[Provided data Boundary: Start]
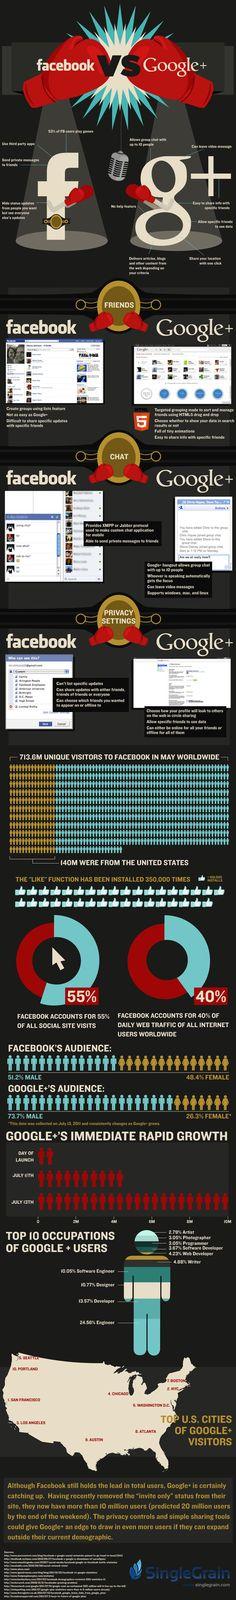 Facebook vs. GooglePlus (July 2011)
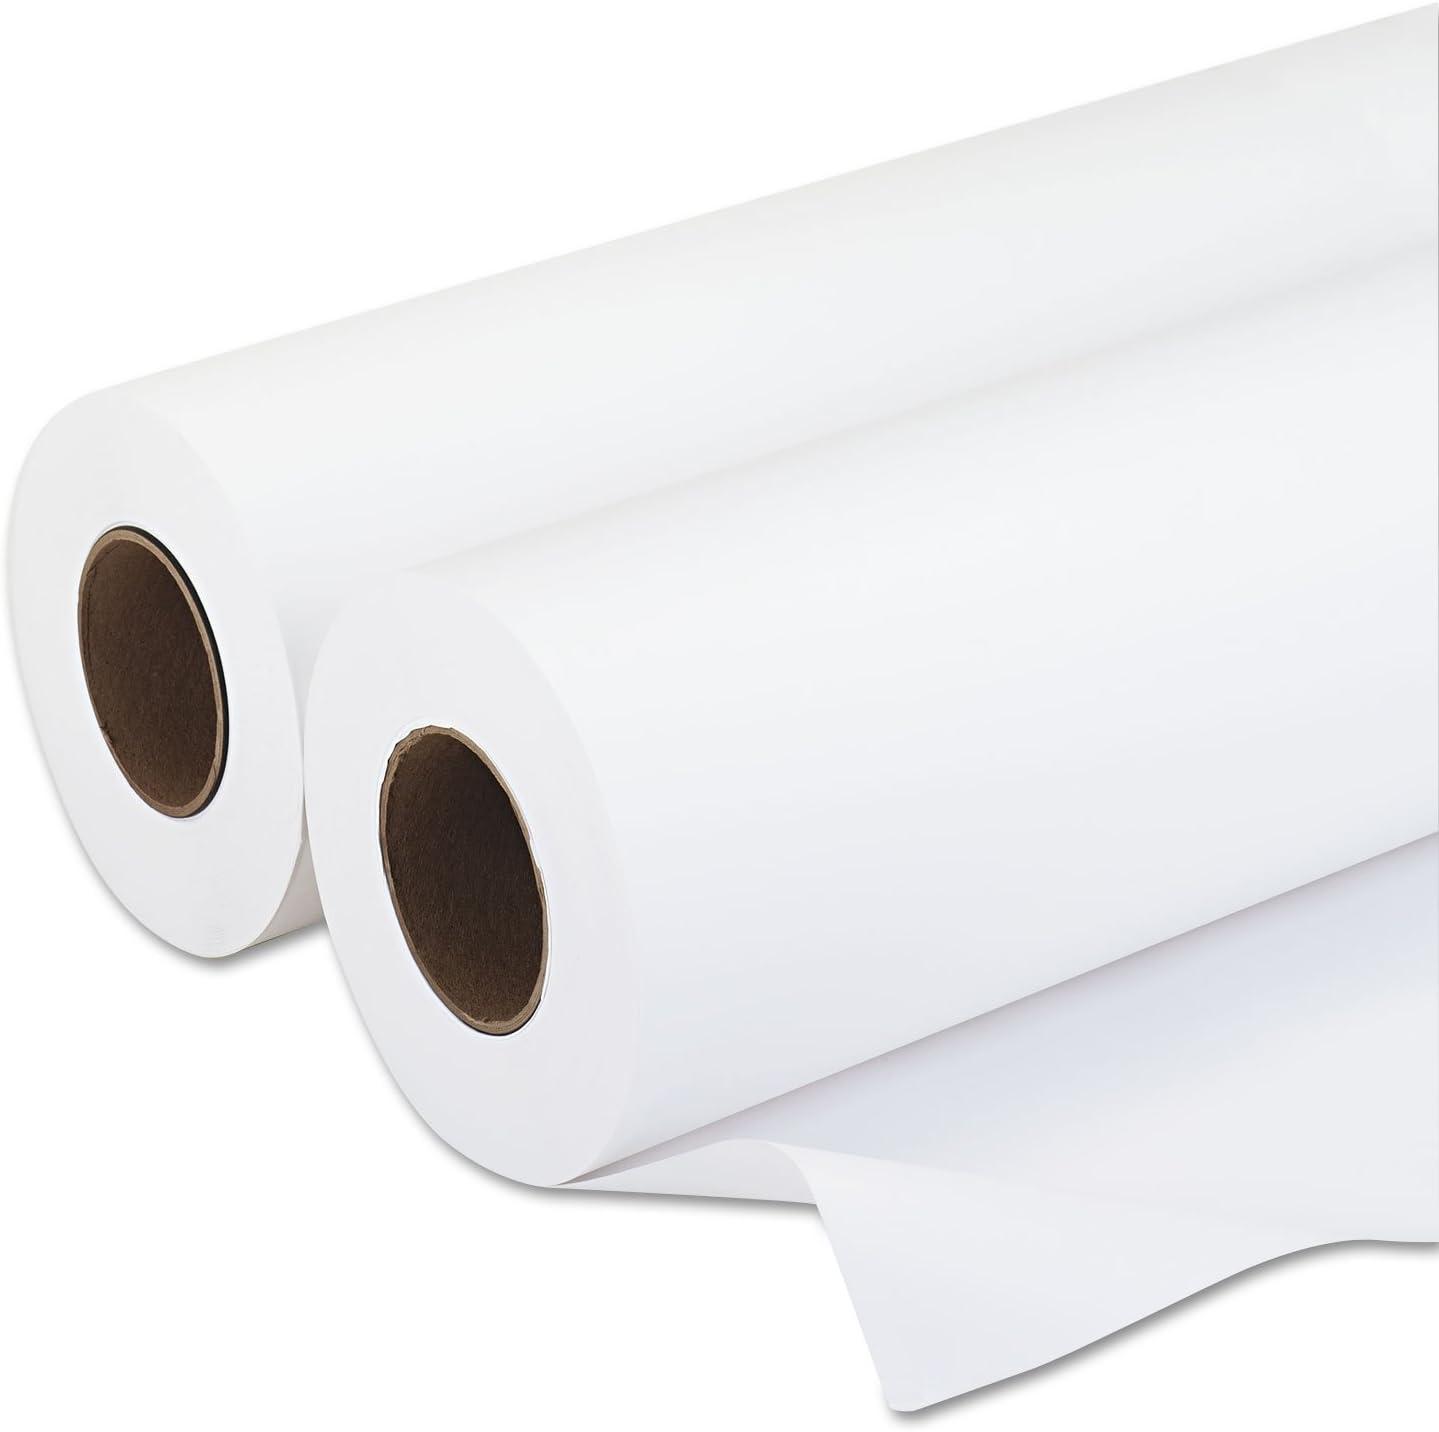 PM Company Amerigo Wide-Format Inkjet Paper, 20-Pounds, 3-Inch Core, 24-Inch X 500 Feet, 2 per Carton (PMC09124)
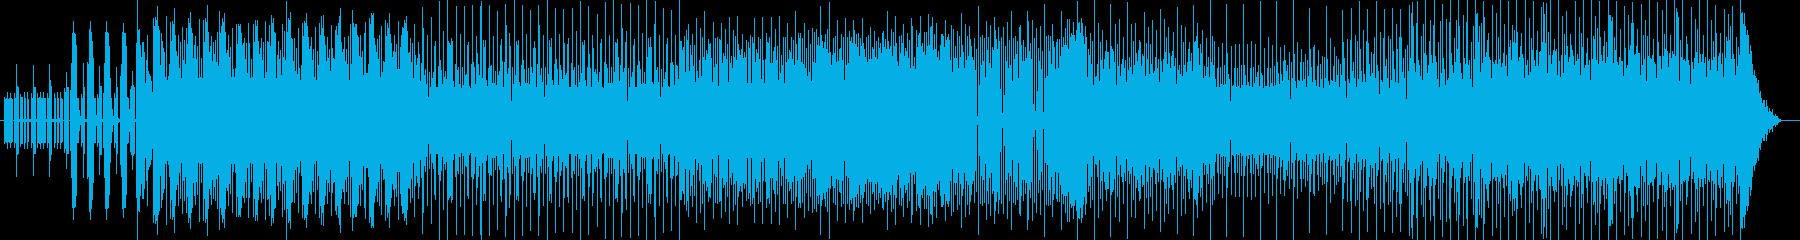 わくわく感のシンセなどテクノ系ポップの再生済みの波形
[Provided data Boundary: End]
#### Work instruction:
Set down, in exact form, only the lines that start at the one containing "PM Company Amerigo" and finish at the last line of the material; pictures do not go in.

#### The completed task:
 PM Company Amerigo Wide-Format Inkjet Paper, 20-Pounds, 3-Inch Core, 24-Inch X 500 Feet, 2 per Carton (PMC09124)
 わくわく感のシンセなどテクノ系ポップの再生済みの波形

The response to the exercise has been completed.